G: So it's like the opposite of what we do with beer? We export the shit ones, keep the good ones here?
D: Hmmm, maybe it's the opposite of the opposite... don't know what the word is?
E: The same?
D: More sleep.
G: More red bull.

me so whiiiiiiiite, you sooooo yelllllllow!!

D: Look at what Ash is eating.
A: Yeah looks like curry.
P: Ash, you must have a lot of experience. In India they have the Kama sutra right?
D + A: hysterical laughter
P: Too much sex makes you short-sighted right? That's why it is in large print, right Ash?

A: Do you ever sing that song My Girl to her?
D: No.
A: You know, it's got that lyric 'I've got the month of May'.
D: How bout I get this bottle of wine and smash it on you?

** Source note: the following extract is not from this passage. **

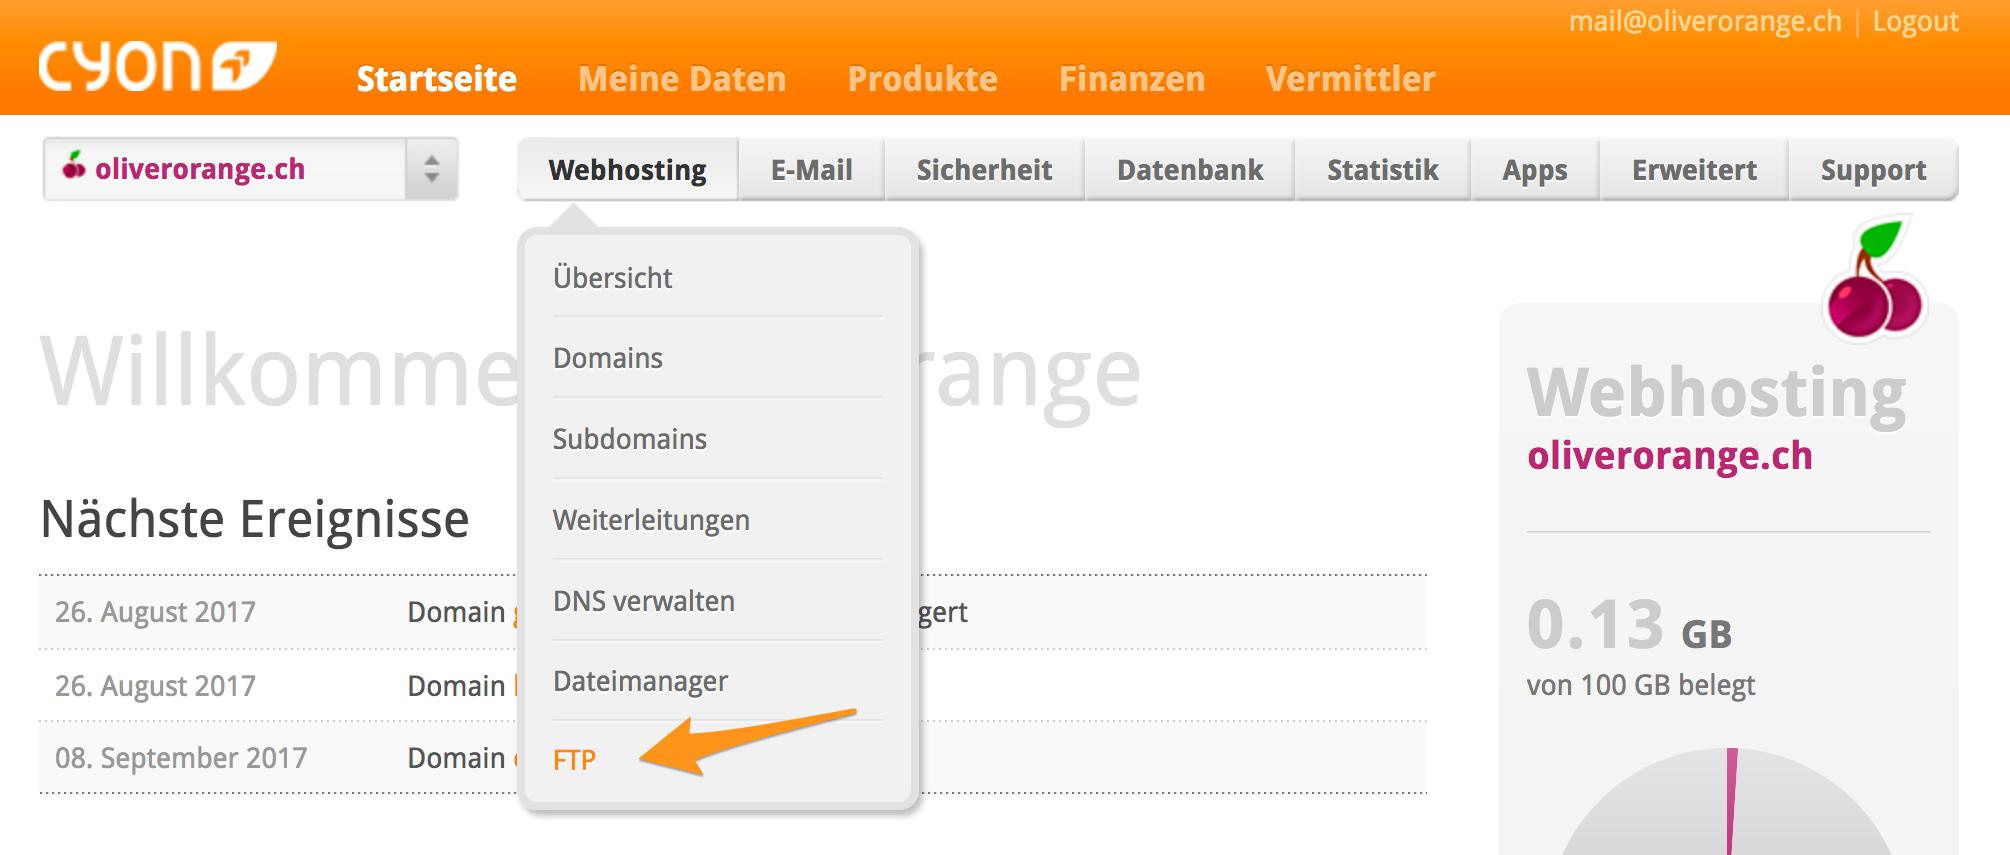 Menü «webhosting»> «FTP» im my.cyon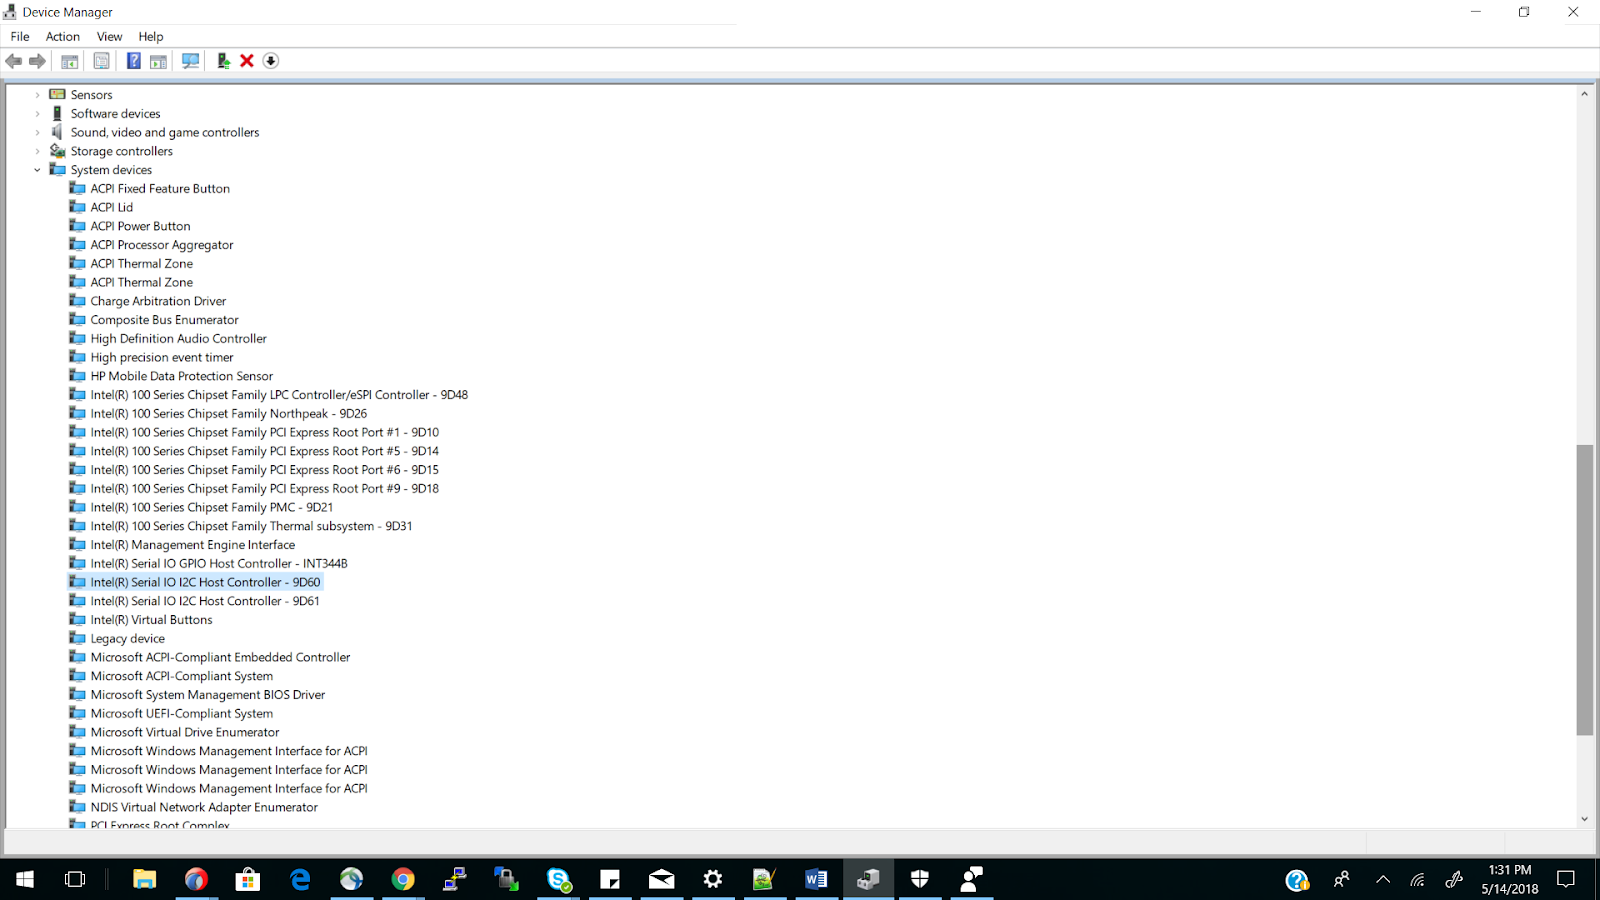 TouchScreen not working in Hp laptop Windows 10 version- 12C

D: When I was in Thailand, these dudes turned into guys.

G: we stumbled across a hip hop night
i thought i'd finally achieve my blackie
alas wasn't to be
D:
ahhhh dammit... did u chat to any??
G:
No. Blame it on the boogie

Random chick is explaining something animatedly to her friends, G, S, and L are there during EOM drinks
S - OMG what the hell's she doing? She's so scary, she looks like she could eat you up
L - That's the way its sweetest... she'll be eating you up, in control on top - then just before the climax, you flip her over and teach the bitch a lesson

f:
u guys fly everywhere in sydney
a:
i just drive mate
often take train too
havent' got wings yet
f:
my wish is to fly high in sydney's sky
a:
if we put enough money for your farewell
we will get wings for you
f:
sensational!
a:
i think $5 raised so far
....
will keep you posted
at the moment, butterfly wings
f:
haha.....it is in accordance with the current economic climate.

A: I'd get a second opinion too if I was just asking myself.